I am trying to understand Positive-definite function and read the wikipedia link:
https://en.wikipedia.org/wiki/Positive-definite_function
It has a relation to Positive-definite matrix and I did not understand how clearly.
My questions:
- is the Positive-definite function $f$ mentioned in the wikipedia link is continuous?
- It is related to to the element of a Positive-definite matrix which are just numbers what it signifies?

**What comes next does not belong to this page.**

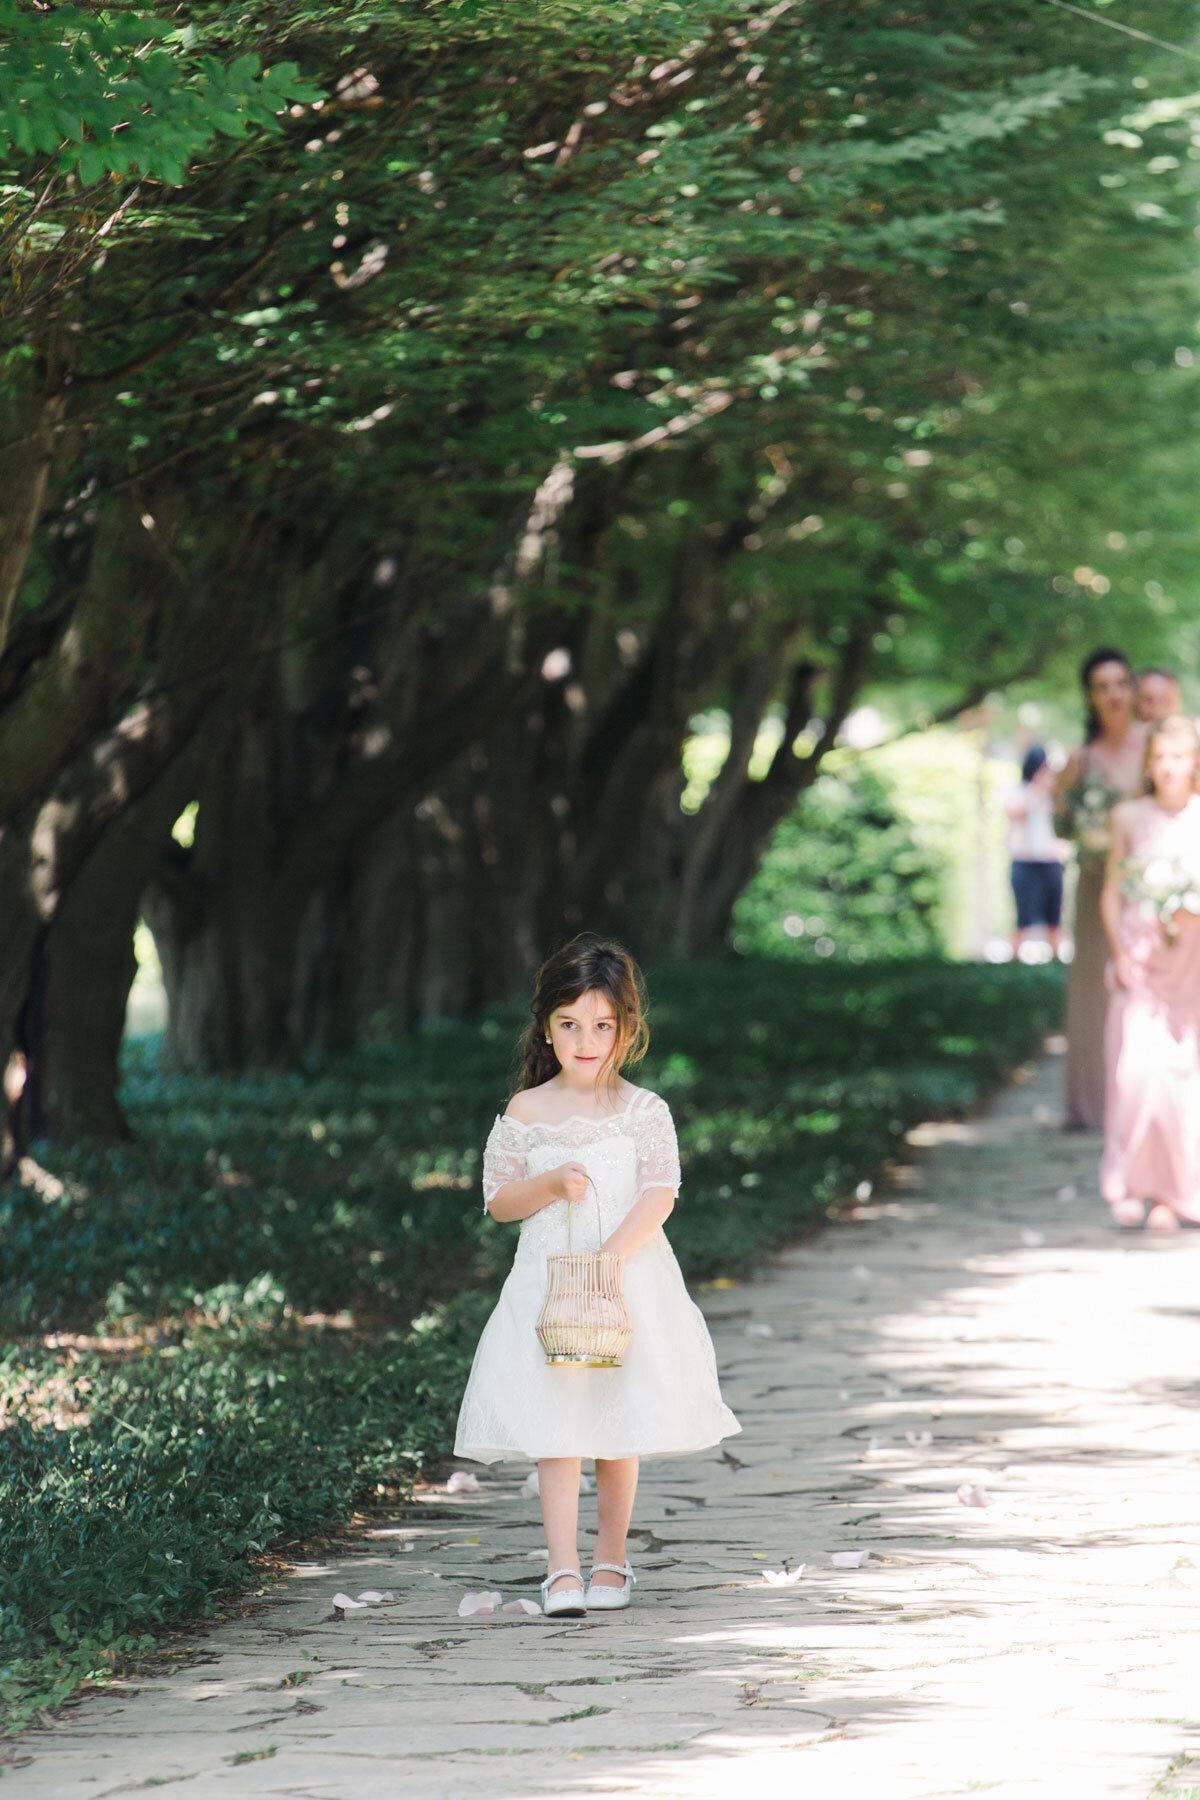 Chateau-des-Charmes-Wedding-Summer-Vineyard-Bride-Niagara-on-the-Lake-photos-by-Gemini-Photography-Ontario-0013.jpg
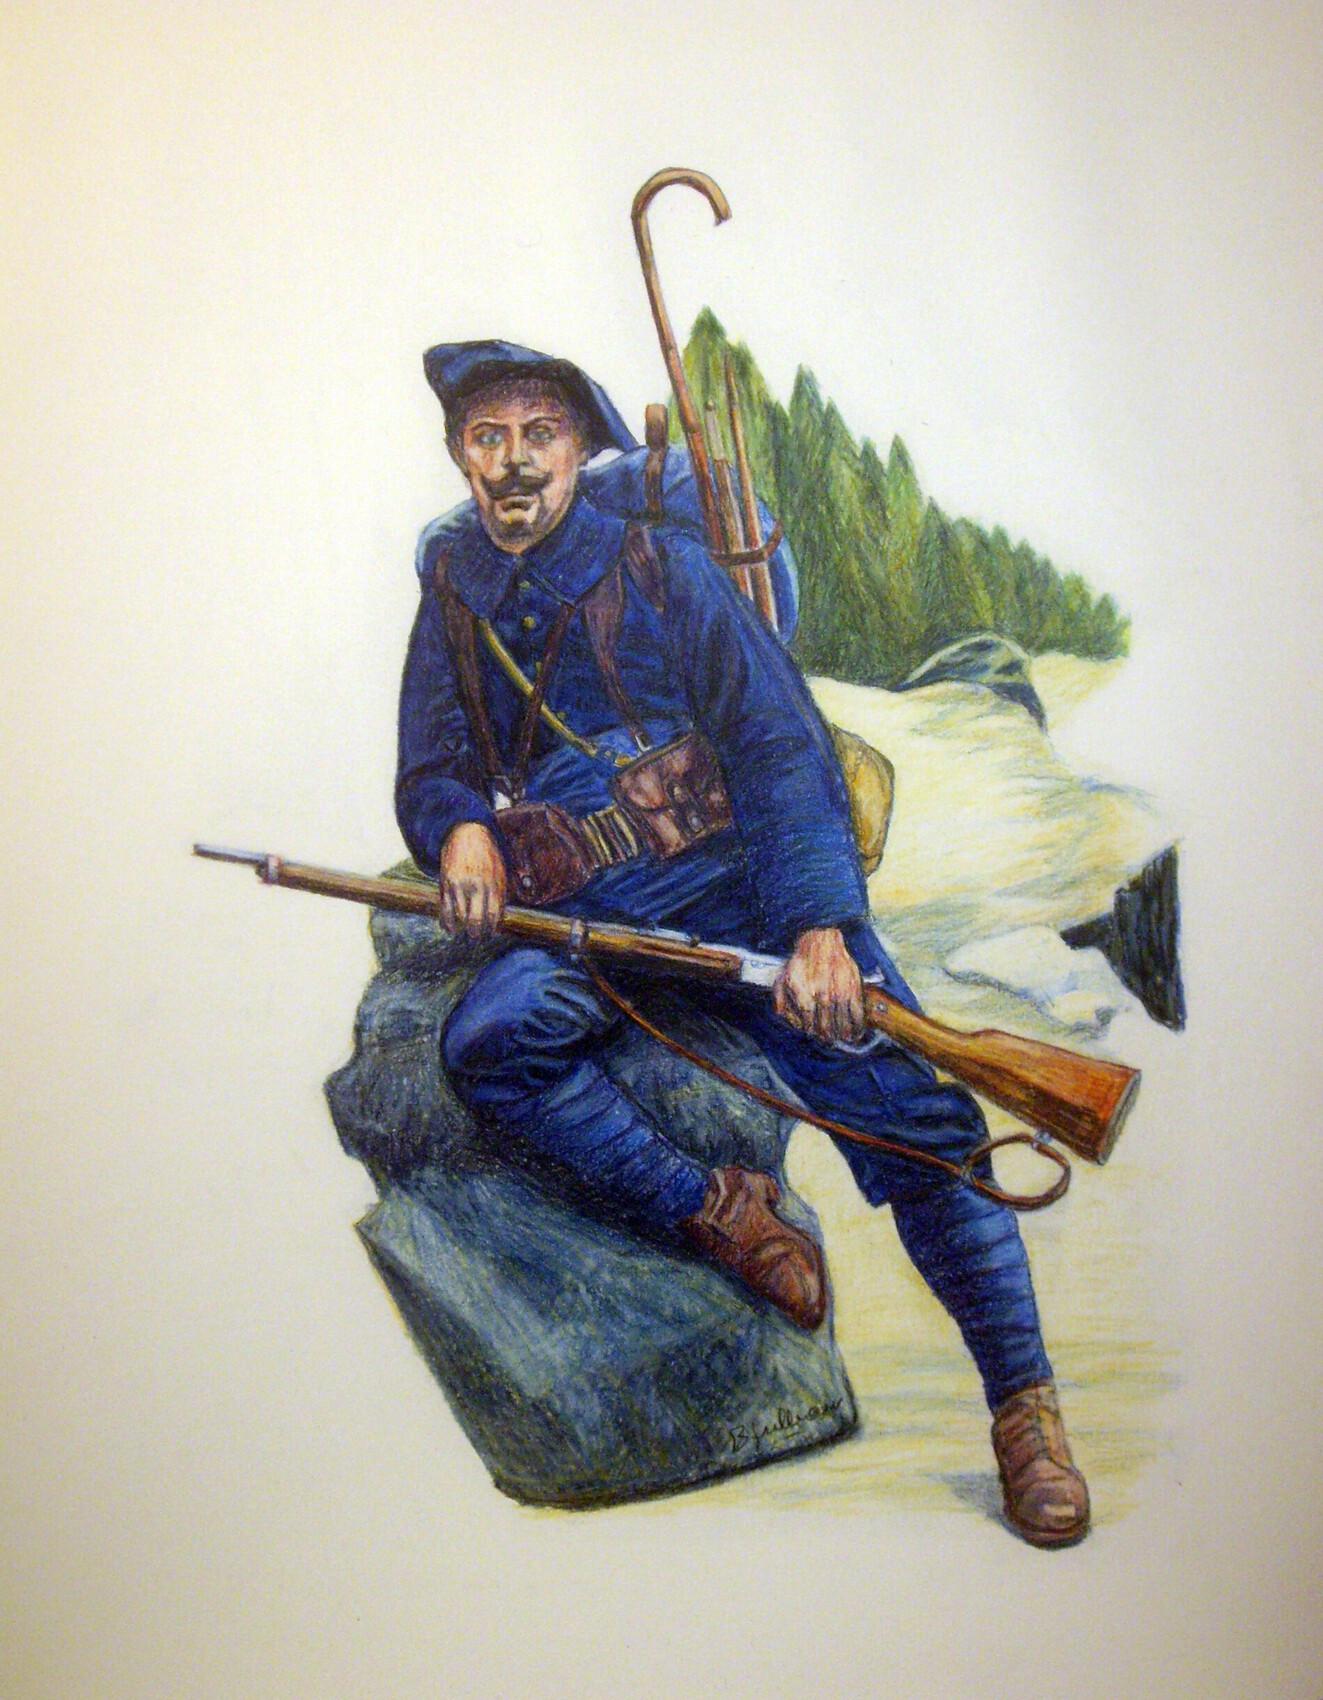 chasseur alpin au repos

- Can anyone please clarify?
The key observation in characterizing the Fourier transform of a positive function $f$ is this: \begin{align} \sum_{j,k=1}^{N}\hat{f}(s_j-s_k)a_j \overline{a_k} & = \frac{1}{\sqrt{2\pi}}\int_{-\infty}^{\infty}f(t)\sum_{j,k=1}^{N}e^{i(s_j-s_k)t}a_j \overline{a_k} dt \\ & = \frac{1}{\sqrt{2\pi}}\int_{-\infty}^{\infty}f(t)\left|\sum_{j=1}^{N}e^{is_jt}a_j\right|^{2}dt \ge 0. \end{align} So it is easy to generate positive matrices of any order from the Fourier transform of a positive function. Conversely, if $g(s)$ is a continuous (bounded?) function on $\mathbb{R}$ that is positive in the sense that $$ \sum_{j,k=1}^{N}g(s_j-s_k)a_j\overline{a_k} \ge 0 $$ for all points $\{s_1,s_2,\cdots,s_N\}$ and complex numbers $\{a_1,a_2,\cdots,a_N\}$, then $g$ is the Fourier transform of a positive measure $\mu$: $$ g(s) = \int_{-\infty}^{\infty}e^{-ist}d\mu(t). $$ A proof of Bochner's Theorem is obtained by a clever application of Functional Analysis.